13.3 Recovering from Errors | Voice User Interface Design 2004

One of the fundamental challenges for speech technology (and therefore a challenge for the VUI designer) is the capability to know when there is a problem. When a false accept occurs, the system proceeds, given what it understood the caller to be saying, without realizing that something is wrong. To deal with this, the application must use a variety of techniques to confirm results with callers, when necessary and appropriate, to avoid taking undesired actions.

When the system does know there is a problem (e.g., the recognizer returns a reject), a gap often still exists between what the system knows and the root cause of the problem. In the case of a reject, the system knows only that there was no path through the recognition model that was a good match for the input. However, the reject may be caused by out-of-grammar input from the caller, a noisy cellular connection, a rock 'n' roll band playing in the caller's living room, or a variety of other problems. Despite the uncertainty about the underlying cause, the application must get the dialog back on track.

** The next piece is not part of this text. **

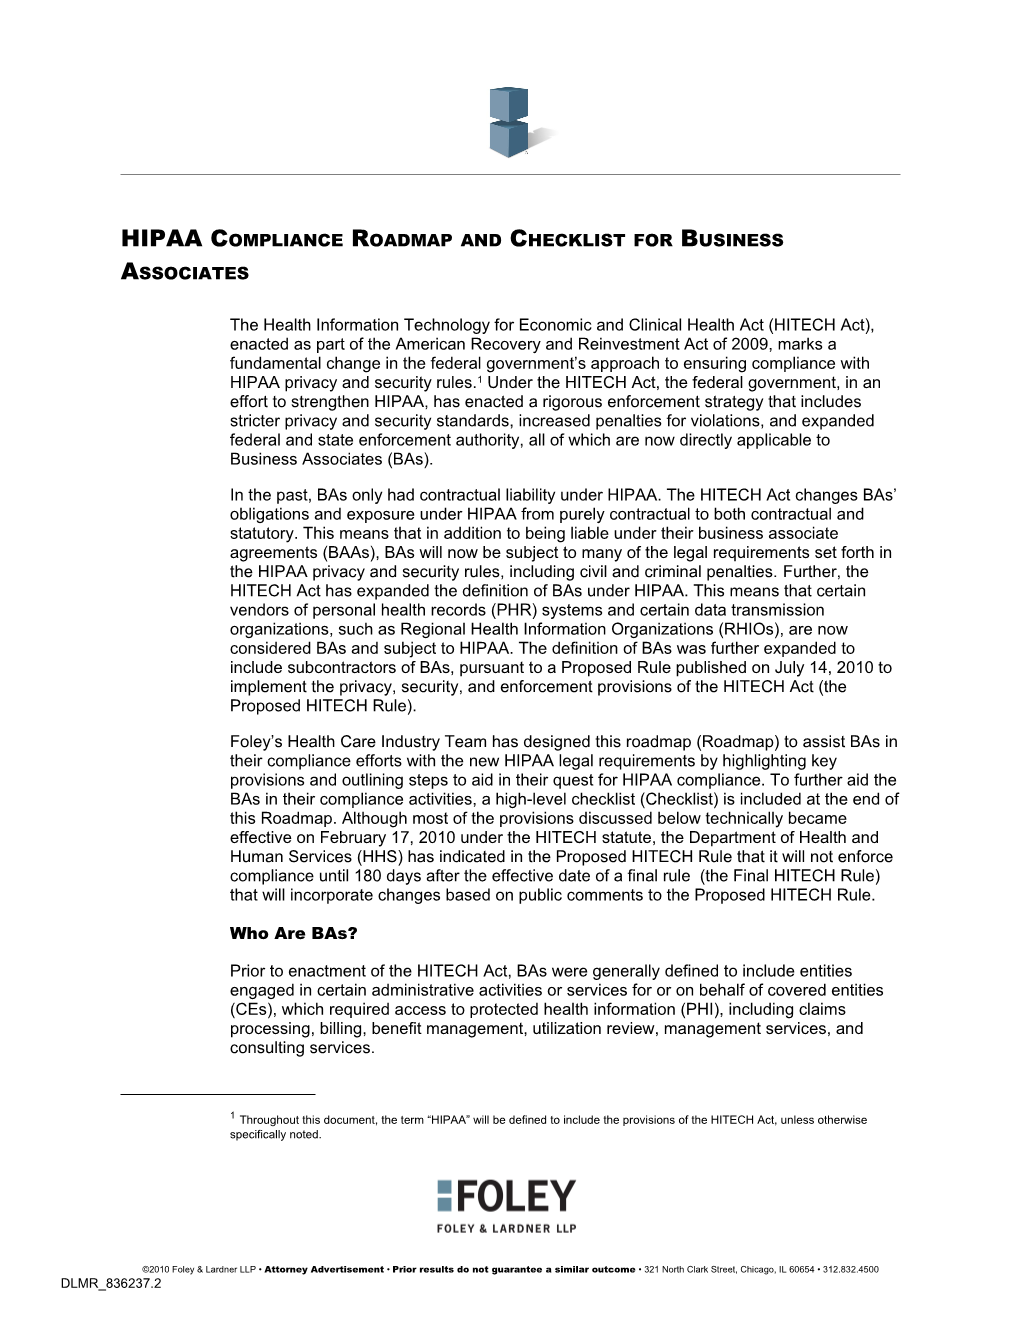 HIPAA Compliance Roadmap and Checklist for Business Associates

This section covers confirmation strategies to detect and fix recognition errors when they occur, and recovery strategies to use when the recognizer returns an error condition such as a reject or timeout.

13.3.1 Confirmation Strategies

False accepts may cause serious problems. The system may take an action (e.g., buy 1,000 shares of IBM) or transition to an unintended subdialog. In general, detecting false accepts requires some sort of confirmation dialog in which the system validates its hypothesis with the caller (e.g., "Going from New York to San Francisco. Is that correct?"). There are a number of issues concerning the design of confirmation dialogs, including

When to confirm
How to confirm
Avoiding repeat errors

When to Confirm

Confirmation is necessary if the cost of an error is high, if it would be hard to get back on track, or if recognition confidence is low. For example, before executing a transaction (e.g., transferring money, booking a flight), you would certainly want to confirm the parameters of the transaction with the caller. Failing to confirm in such cases, even if the system is highly confident that it has the right information, not only risks a costly mistake but also tends to reduce caller confidence.

Keep in mind that there are two roles of confirmation: first, to allow the system to validate its recognition hypotheses, and second, to communicate correct recognition to the caller, thereby buttressing user confidence and making transparent the current state of system knowledge.

On the other hand, there are cases when confirmation is not necessary. Many stock quote systems don't explicitly confirm company names. If the company name is misrecognized, the caller loses a few seconds hearing the wrong quote but then can proceed without problem. In fact, callers can barge in as soon as they hear the wrong company name at the beginning of the quote and ask again for the desired company. The cost of the error is low in terms of time lost and in terms of user confusion. It is clear how to proceed. Furthermore, stock quote systems typically have very high accuracy, further reducing the need for confirmation.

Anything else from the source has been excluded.